Feminist Media Histories is delighted to celebrate the 10th biennial conference on Women and the Silent Screen, held May 25-29, 2019, at the Eye Filmmuseum in Amsterdam. For twenty years scholars gathered at this conference have explored the dynamic contributions women made to early movie cultures as filmmakers, critics, audiences, and more in many global contexts. In celebration of this milestone, we are pleased to make available a suite of articles on silent cinema published over the past five years in Feminist Media Histories. All are available for free download between May 25-31, 2019. 

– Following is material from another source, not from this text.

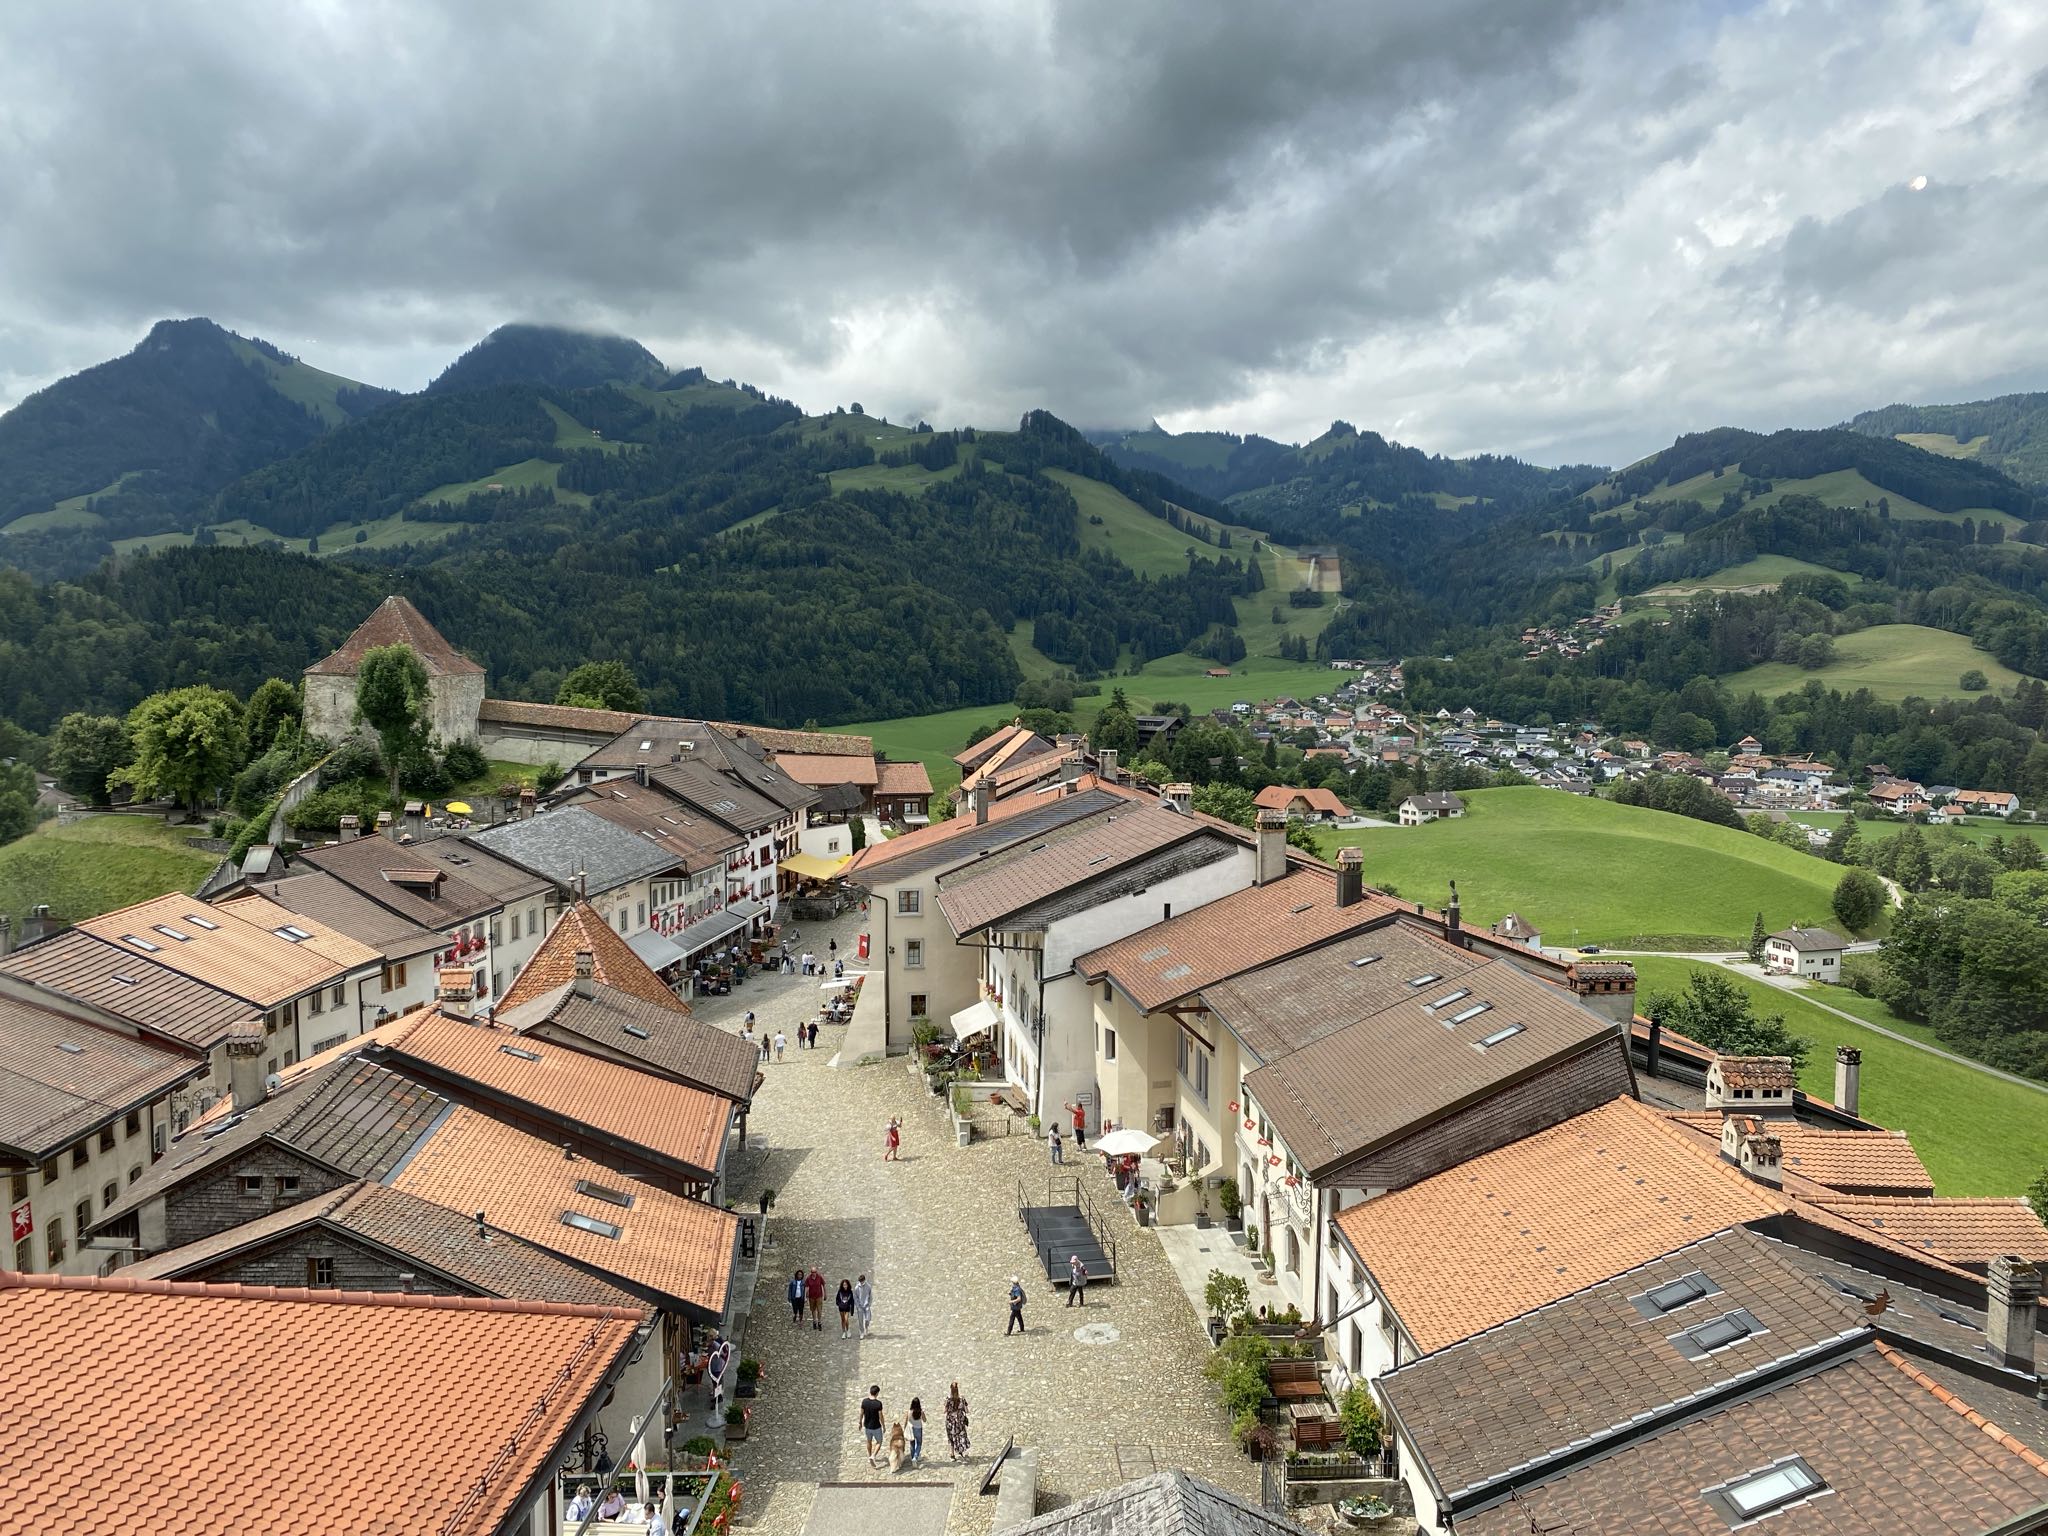 Photo 9 of 34 from the album Gruyères 2021.

Scholarship on women and the silent screen showcases the extraordinary range and depth of women’s engagement with the new medium of motion pictures in the early decades of the twentieth century. We’re pleased to make available new English translations of writing by pioneering Soviet filmmaker Esfir Shub, a transcription of director Lois Weber’s 1913 speech to the Los Angeles Woman’s Club, and Christina Lane’s account of an early film production by Ruth Bryan Owen, the first woman elected to the U.S. Congress from the southern states. Women like Anita Maris Boggs and Mary Hallock-Greenewalt believed in the educational power of early visual media, as scholars Laura Isabel Serna and Anne Ciecko reveal. Reform movements of the early twentieth century were also fueled by cinema, as Constance Balides demonstrates in her analysis of sociological films, Jennifer Horne documents in her account of the Better Films Movement, and Shawn Shimpach reveals in his analysis of the early social survey movement. Annie Fee’s examination of “midinettes,” activist cinema girls in 1920s Paris, demonstrates how active women were in early movie fan cultures, as does Sumiko Higashi’s survey of the early fan magazine Photoplay. We’ve also included articles on Greta Garbo, Brazilian star Eva Nil, would-be starlets in early Hollywood, and Nancy Astor’s 1919 campaign for parliament. The memoirs and autobiographies of early female screenwriters provide a vital roadmap of women’s experiences during these formative years as well, as historian Liz Clarke demonstrates. 

Congratulations to all attending Women and the Silent Screen in Amsterdam!